One theory is that the cup might have been taken to Scotland by the Knights Templars in the early 14th century. Founded in 1119, the Templars were an order of warrior priests that was formed to protect Christian pilgrims on their journeys to and from Jerusalem, the Holy City. Many Templars came from Cathar territory in the south of France. Of these a great number were known to be Cathar sympathizers, if not Cathars themselves. And it is quite possible that the cup may have been placed in their guardianship sometime after the fall of Montsegur.

However, 60 years later, the Templars, who had grown too rich and powerful for the French King Philip IV's comfort, suffered a similar fate to the Cathars. In 1307, the King sent his forces to attack all the Templar strongholds simultaneously. Some Templars, who according to one version of the Grail stories were the Guardians of the Holy Grail, managed to escape with the cup. Making their way to Scotland, so the legend goes, they hid the cup inside the Prentice Pillar in the chapel at Roslin Castle, Midlothian, where it apparently remains to this day.

Grail Church.    

Was the Cathar cup the Holy Grail?  No one can say for certain because, officially, the Cathar treasure has never been recovered. However, Dr. Arthur Guirdham, a leading authority on the Cathars, believed that the their treasure was some sort of secret knowledge. If this was the case what could this knowledge have been?

Of a number of possible explanations perhaps the most beguiling is that the Cathars had in their possession the spiritual teachings of Jesus. These teachings were allegedly given to Joseph of Arimathea, instead of the Apostles, the founding fathers of the Catholic Church. This legend dovetails with the view held by some historians that there may have been a secret Church of the Grail - originally established by Joseph of Arimathea - which was prospering alongside the orthodox Church by the time the Grail romances were being written.

In support of this view, A.  N.  Wilson claims that two branches of the Church existed in the first century AD. The first Church left Palestine and spread Christ's message through Europe, while the other believed his more spiritual teachings were intended only for the Jews.

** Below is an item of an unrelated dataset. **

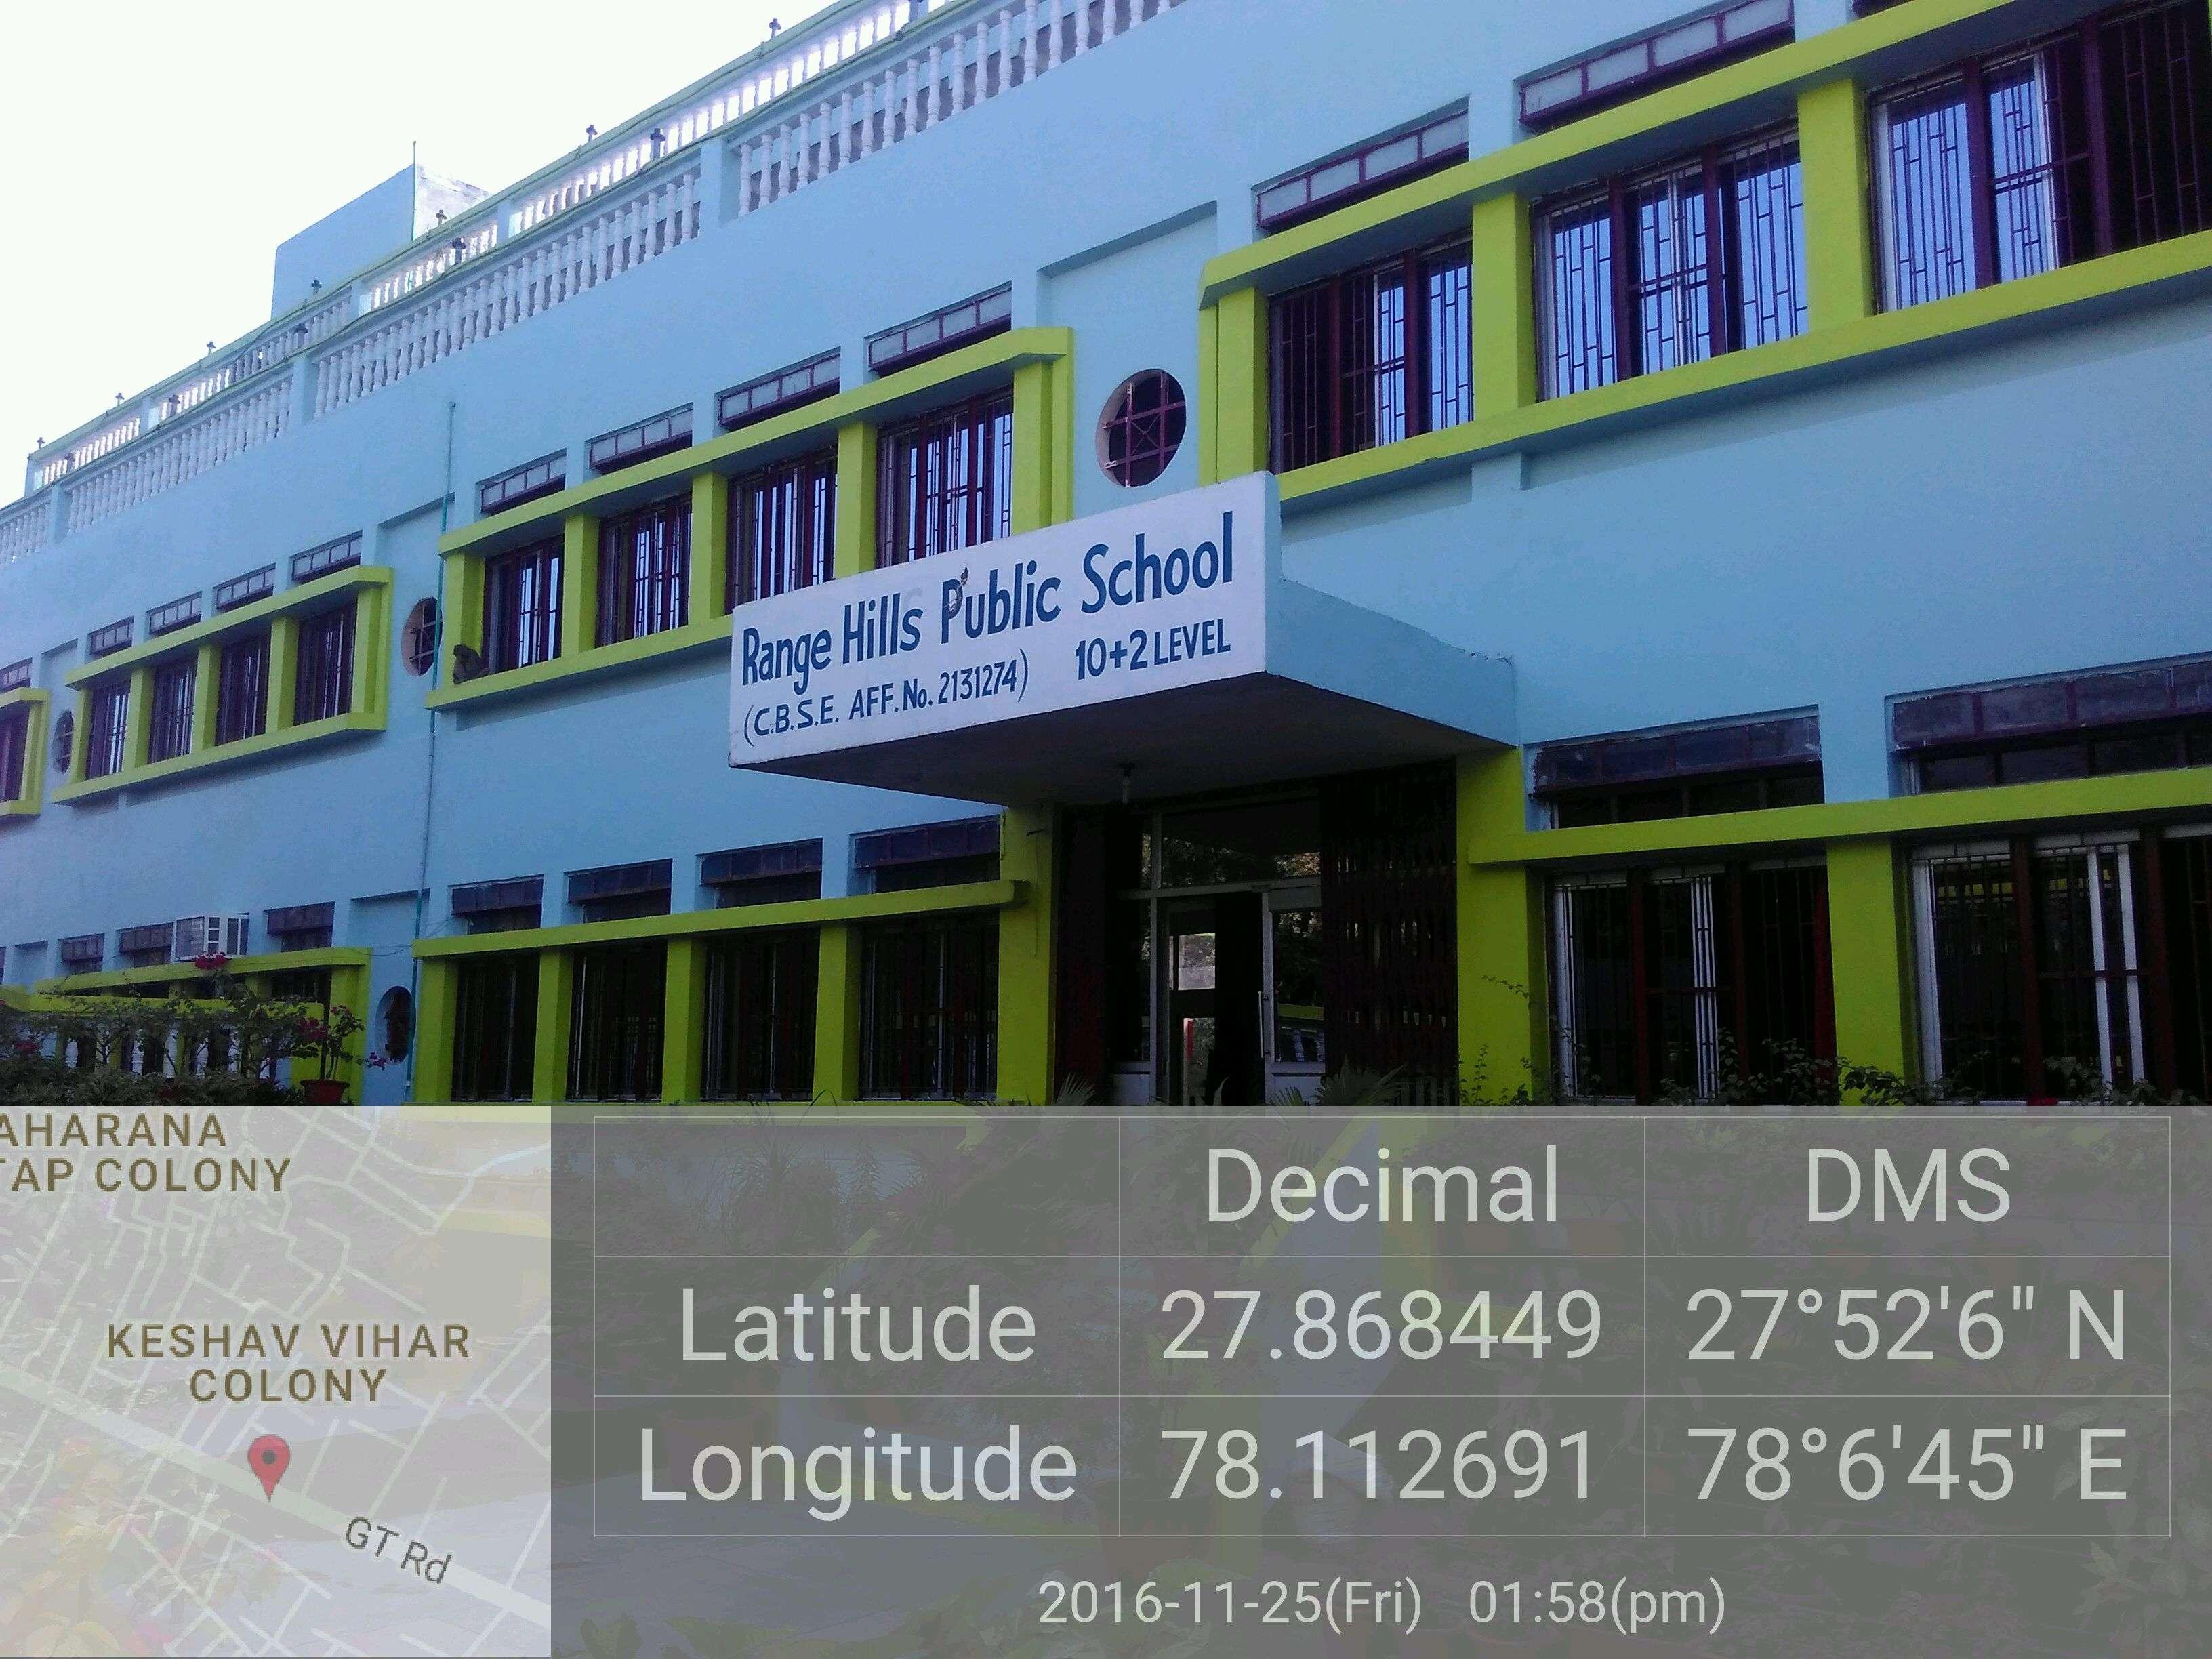 RANGE HILLS PUBLIC SCHOOL DHANIPUR G T ROAD 2131274
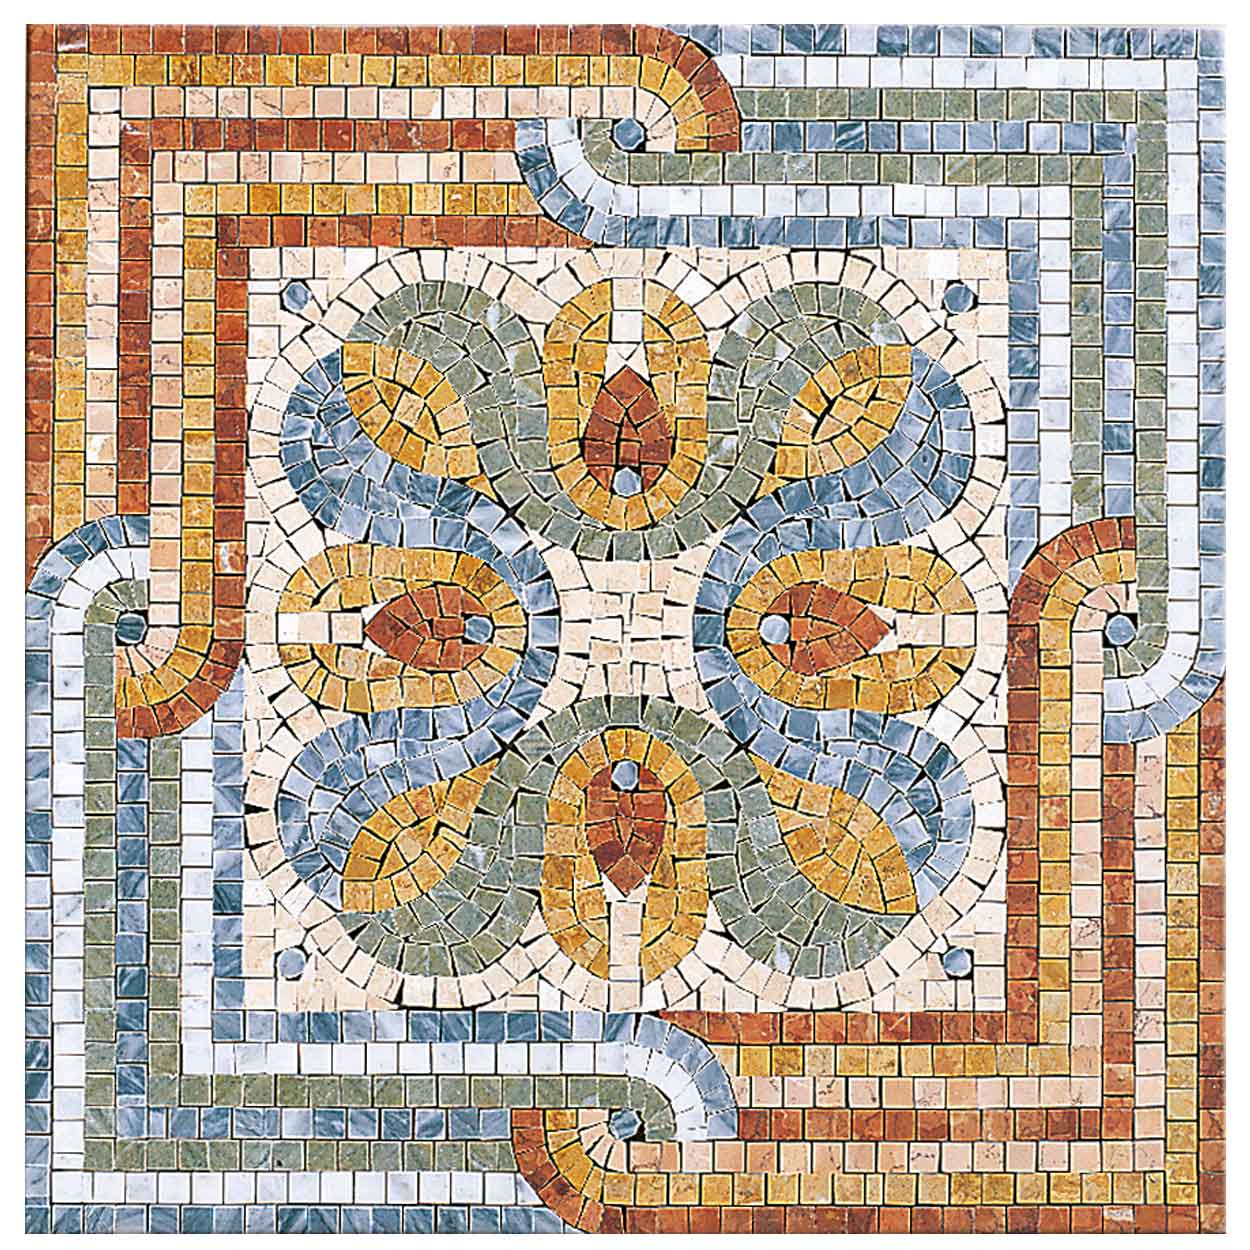 Poseidone Lithos mosaico italia

This second branch may well have been in the hands of Jesus' mother and family and may also have adopted the Grail as its central symbol. If Joseph was related to Jesus, it could be that the family brought these teachings to France, where they gradually evolved into Cathar beliefs.

Placing the Cathars at the centre of a Grail cult, with the cup of the Last Supper as its centerpiece, would certainly explain why the Church brutally stamped out the Cathar movement. As mythology expert John Mathews explains in his book The Grail, the blood of Christ - and by extension the cup that caught the drops from his wounds - was associated with unlimited life-giving powers and with direct communion with God. If the cup was also connected with the spiritual teachings that Jesus had given to Joseph of Arimathea, it would have destroyed the Church's claim to be the sole representative of God's will on Earth.

The main problem with all these theories, however, is that there is no written reference anywhere to the Holy Grail being in Joseph of Arimathea's possession until Robert de Borron's account - over 1,000 years after Joseph allegedly became the guardian of the cup. This fact alone has been enough to persuade many experts that the Holy Grail has never existed in physical form.

Mythical Vessel.        

The majority of scholars consider the Holy Grail to be just one of a long line of magical sacred vessels that stretches back into antiquity. In their opinion, the Grail romances borrowed heavily from these myths - and also from the mystical traditions of the Near and Far East.

These traditions found their way into 12th Century Europe via Crusaders returning from fighting the Muslims for control of Jerusalem and the Holy Land.